### Data extract
════════════════════
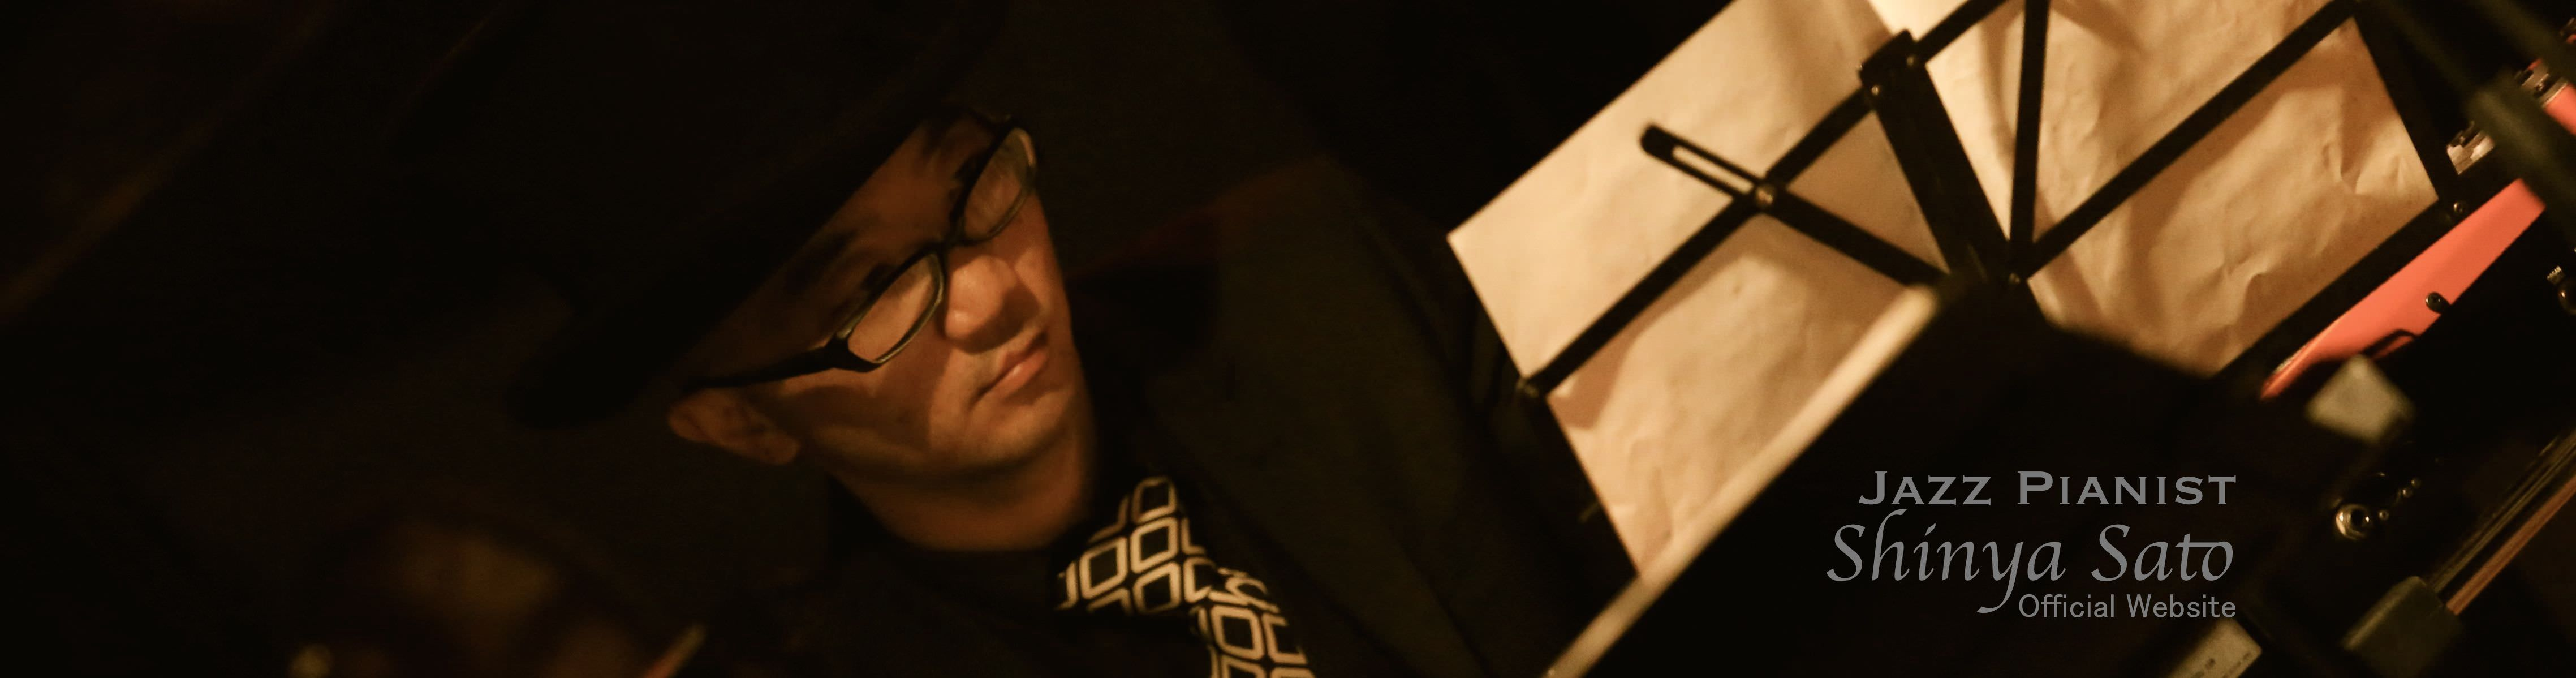 Jazz Pianist 佐藤真也 ジャズピアノ教室
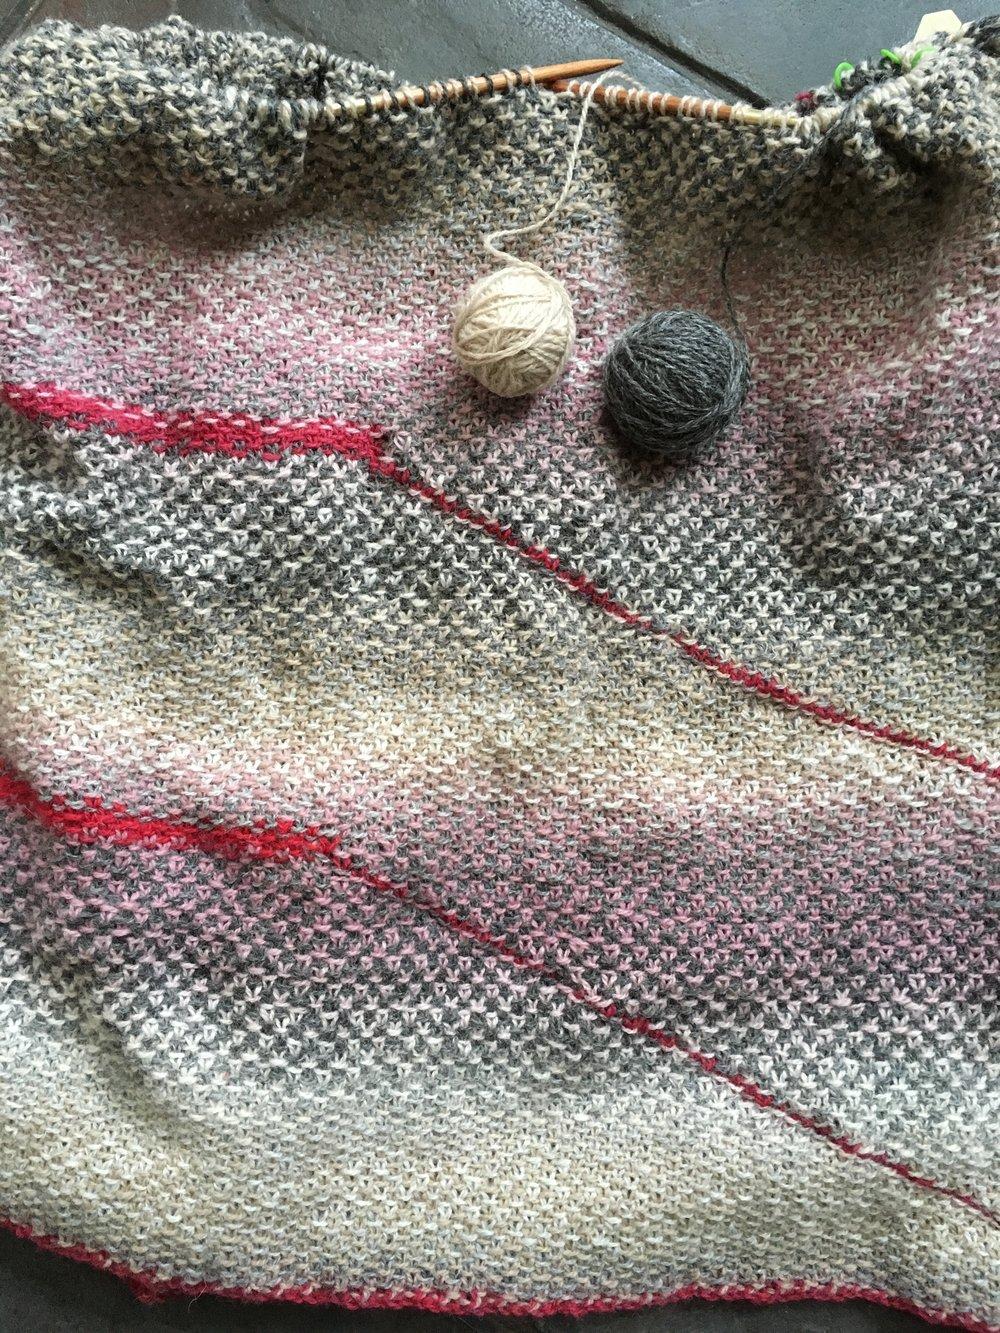 Yarn: Kauni Effekt, fingering weight, colors EHA (grays), EJ (pink/mauve/beige), and EME (reds)
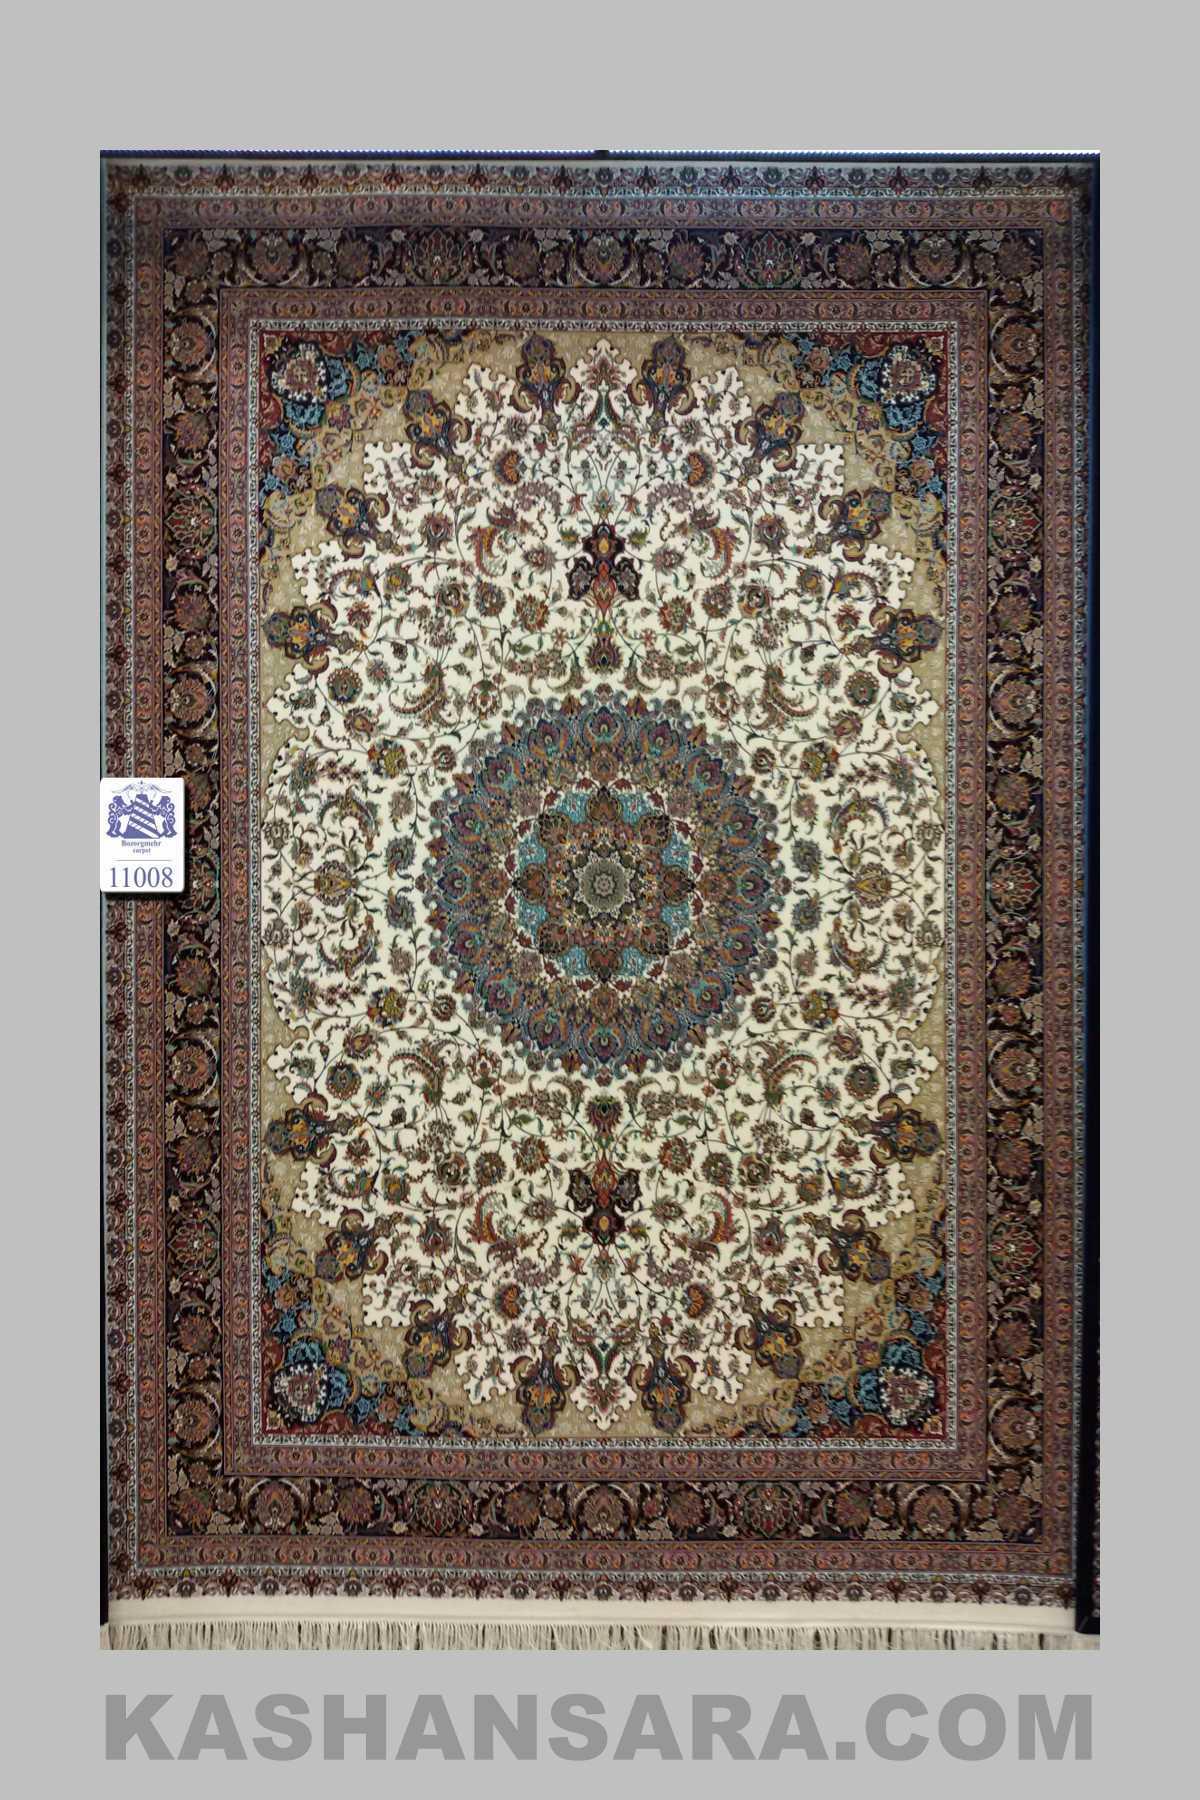 فرش ۱۰۰۰ شانه کاشان نقشه اصفهان
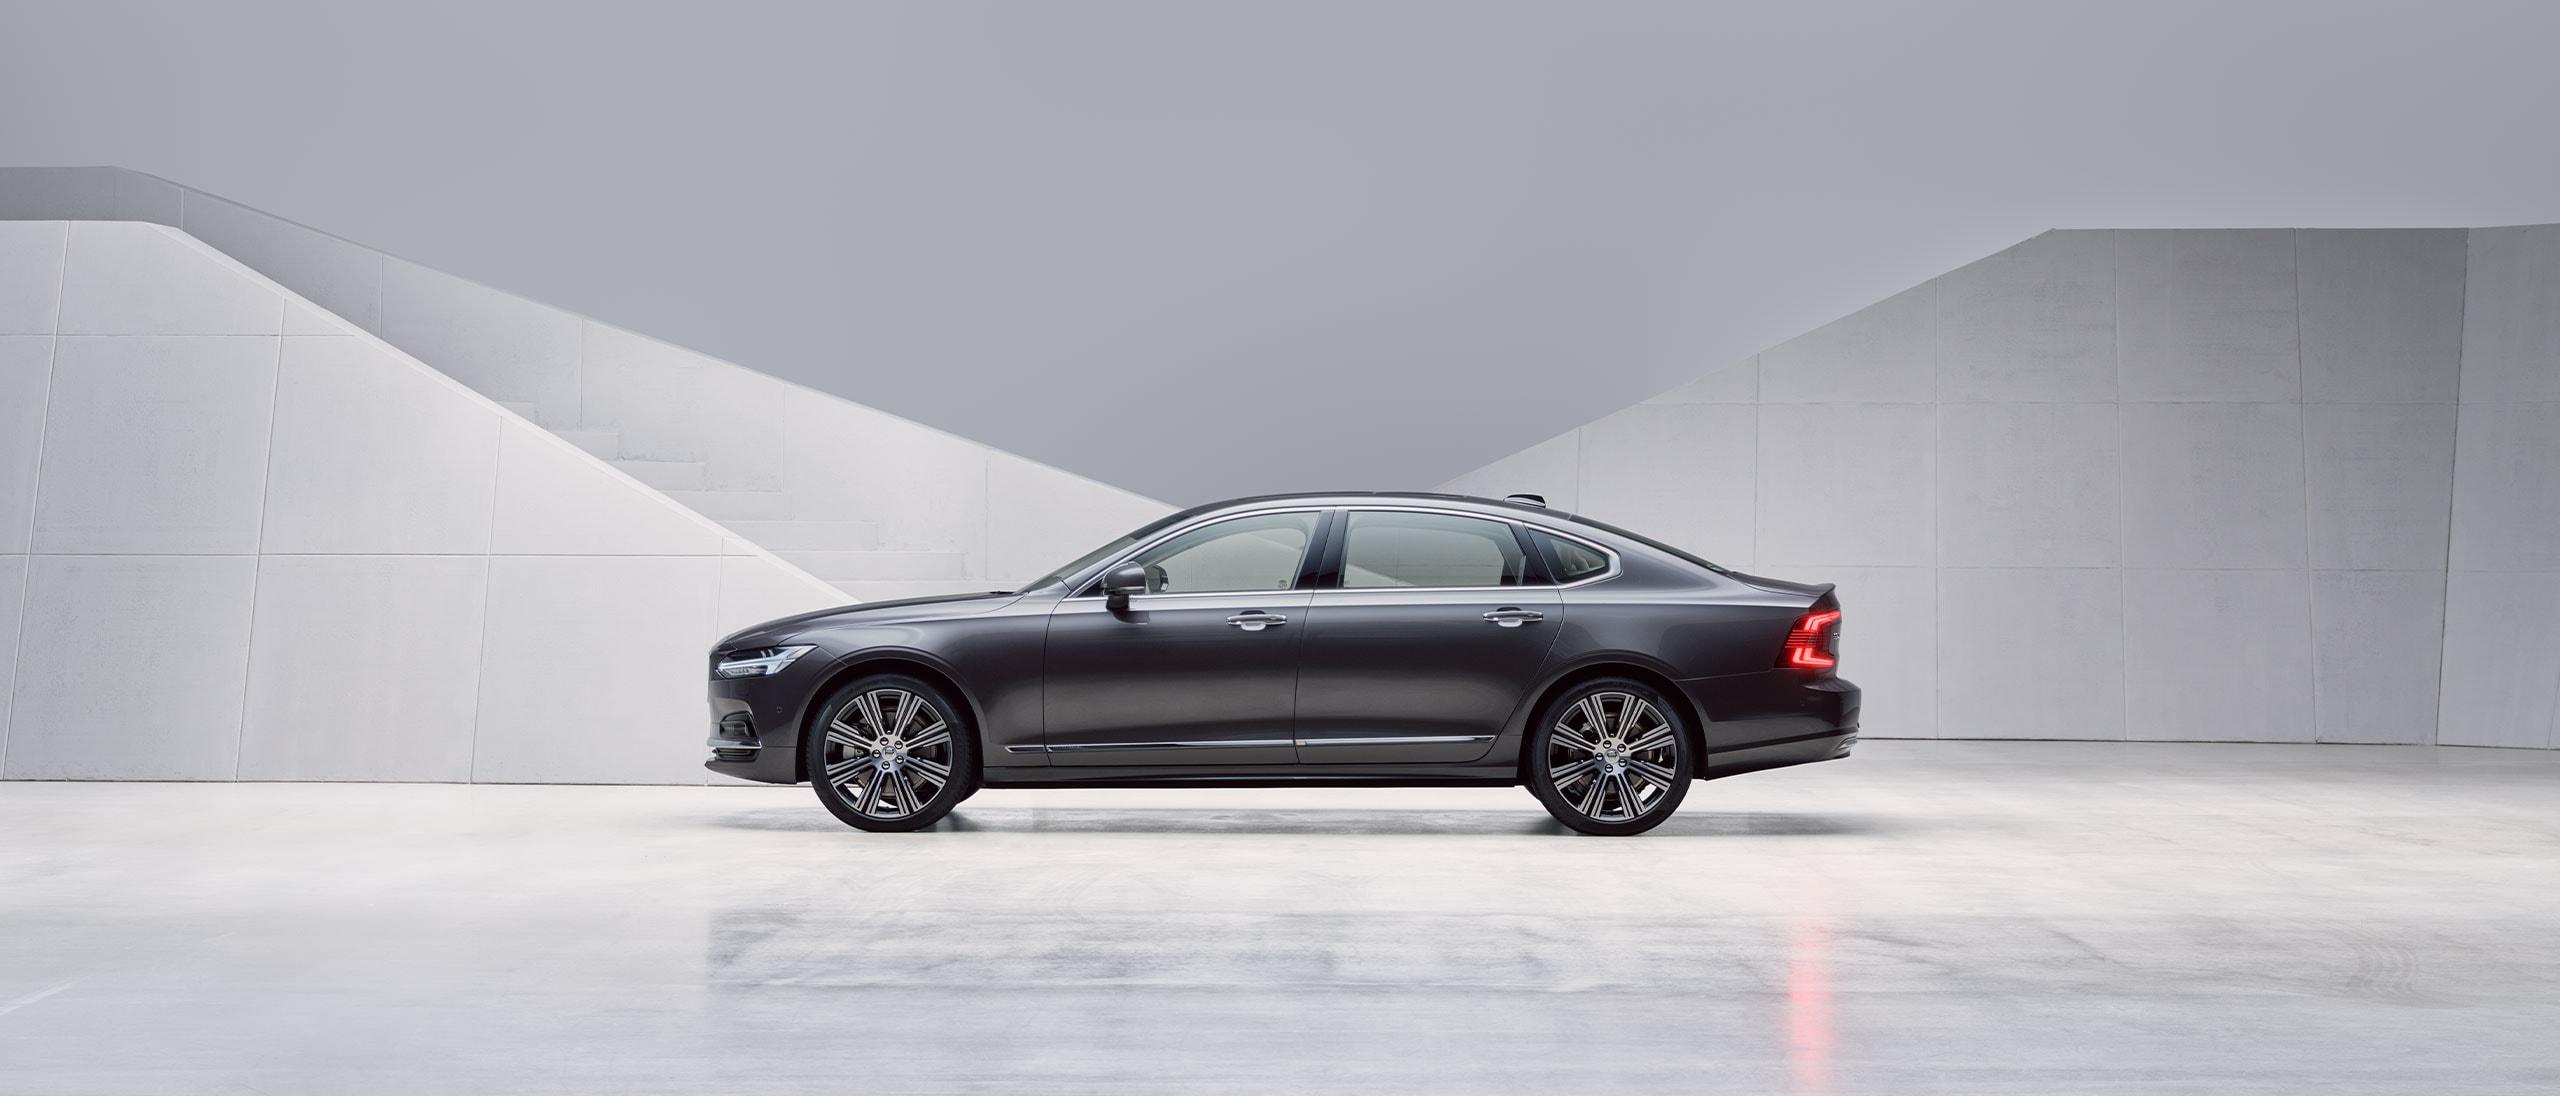 Tamni Volvo S90 parkiran ispred sivog zida.
════════════════════
### Work required
Transcribe each line above exactly, pictures excluded.

### Task result
 Jazz Pianist 佐藤真也 ジャズピアノ教室
 Yarn: Kauni Effekt, fingering weight, colors EHA (grays), EJ (pink/mauve/beige), and EME (reds)
 فرش ۱۰۰۰ شانه کاشان نقشه اصفهان
 Tamni Volvo S90 parkiran ispred sivog zida.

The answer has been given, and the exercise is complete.